Using CTDB with other NFS servers
The NFS event scripts provide a generic framework for managing NFS from CTDB. These scripts also include infrastructure for flexible NFS RPC service monitoring. There are 2 configuration variables that may need to be changed when using an NFS server other than the default (Linux kernel NFS server).
CTDB_NFS_CALLOUT
This variable is the absolute pathname of the desired NFS call-out used by CTDB's
If CTDB_NFS_CALLOUT
is unset or null then CTDB will use the provided nfs-linux-kernel-callout
.
An example nfs-ganesha-callout
is provided as an example as part of CTDB's documentation. This call-out has not been as extensively tested as nfs-linux-kernel-callout
.
Writing a call-out
A call-out should implement any required methods. Available methods are:
- startup, shutdown
- Startup or shutdown the entire NFS service.
- start, stop
- Start or stop a subset of services, as referenced from NFS checks (see below).
- releaseip-pre, releaseip, takeip-pre, takeip
- Take actions before or after an IP address is released or taken over during IP failover.
- monitor-list-shares
- List exported directories that should be monitored for existence. This can be used to ensure that cluster filesystems are mounted.
- monitor-pre, monitor-post
- Additional monitoring before or after the standard monitoring of RPC services (see below).
- register
- Should list the names of all implemented methods. This is an optimisation that stops the event scripts from calling unimplemented methods in the call-out.

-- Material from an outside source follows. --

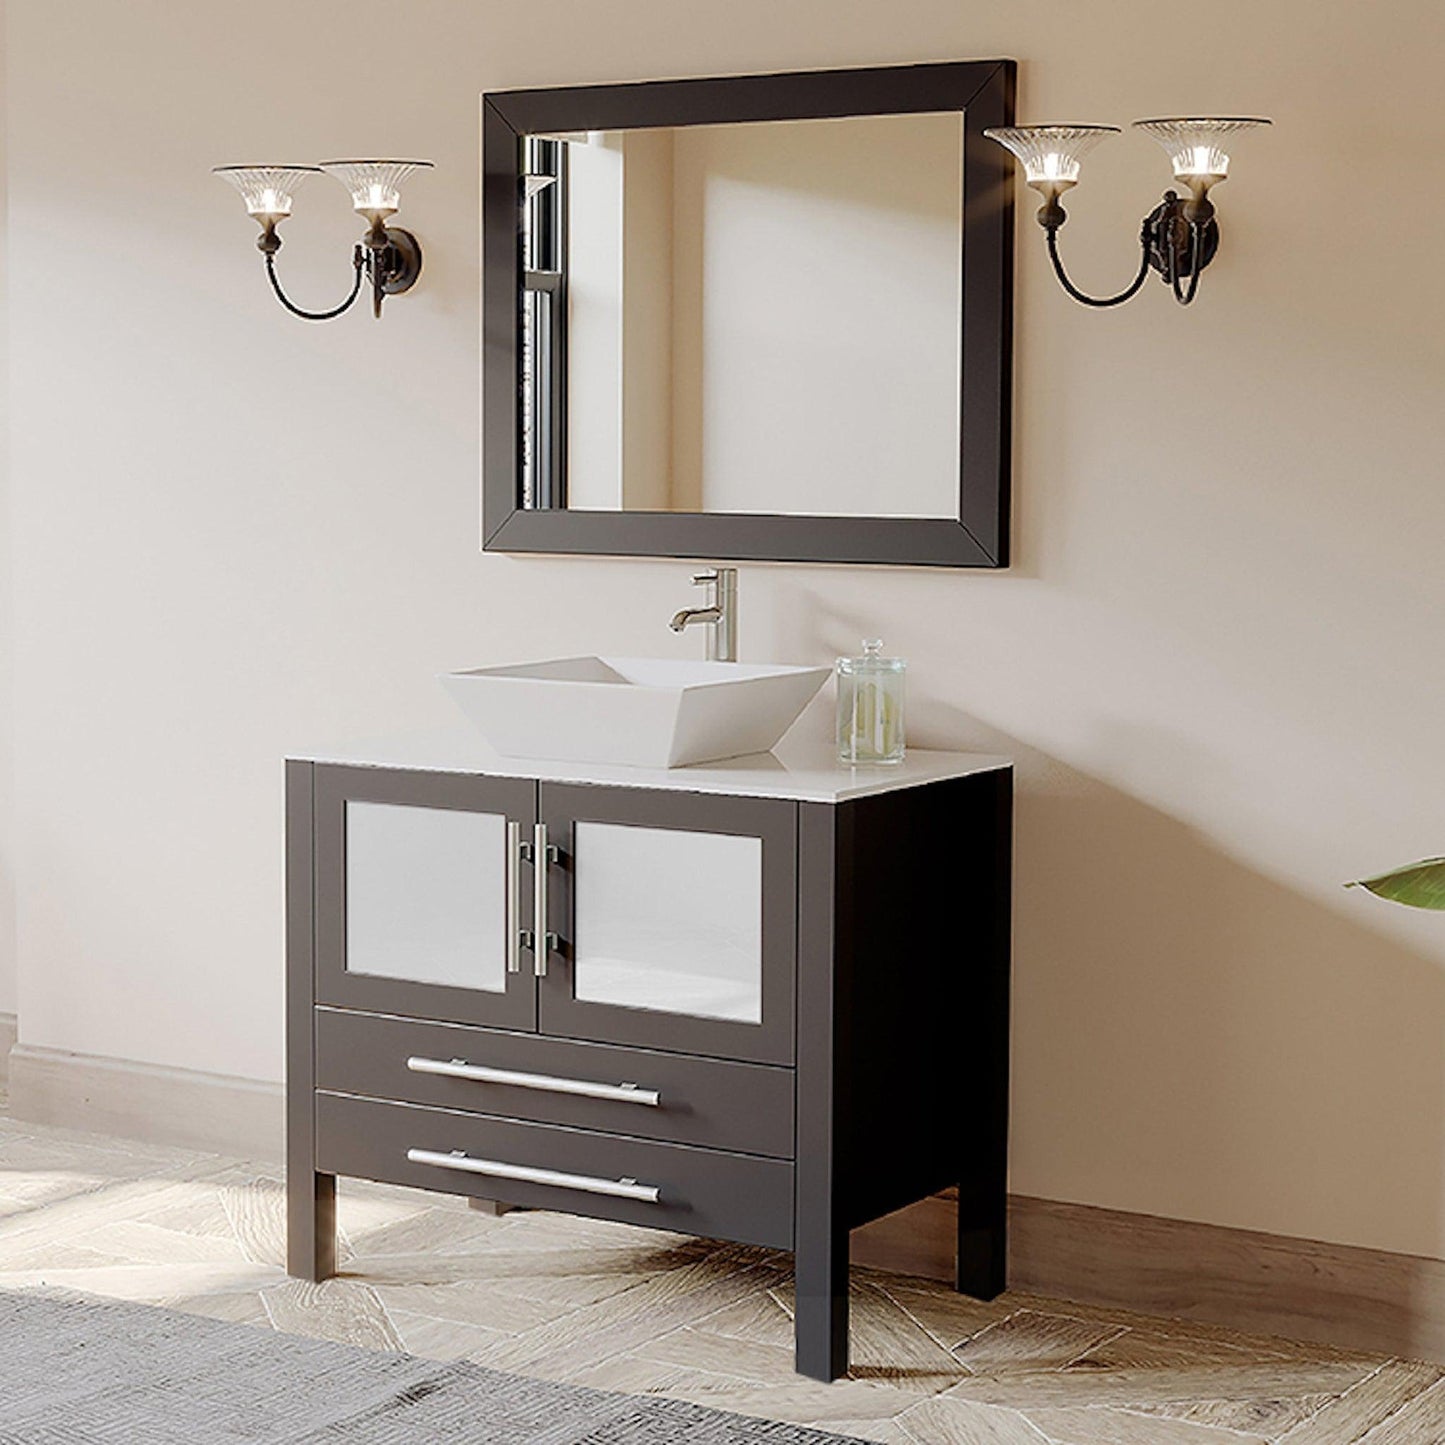 Cambridge Plumbing 36" Black Espresso Wood Single Vanity Set With Porcelain Countertop And Square Vessel Sink With Polished Chrome Plumbing Finish

See the existing call-outs for implementation details and suggested style.
CTDB_NFS_CHECKS_DIR
This is the absolute pathname of a directory of files that describe how to monitor desired NFS RPC services. It can also be configured to try to restart services if they remain unresponsive.
If CTDB_NFS_CHECKS_DIR
is unset or null then CTDB uses a set of NFS RPC checks in the nfs-checks.d
subdirectory of the CTDB configuration directory.
When providing a different set of NFS RPC checks, create a new subdirectory, such as nfs-checks-enabled.d
or nfs-checks-ganesha.d
, and set CTDB_NFS_CHECKS_DIR
to point to this directory. Populate the directory with custom check files and/or symbolic links to desired checks in the nfs-checks.d
. This method is upgrade-safe - if you remove certain checks then they will not be replaced when you upgrade CTDB to a newer version.
Writing NFS RPC check files
These files are described by the relevant README file. See the files shipped with CTDB for examples.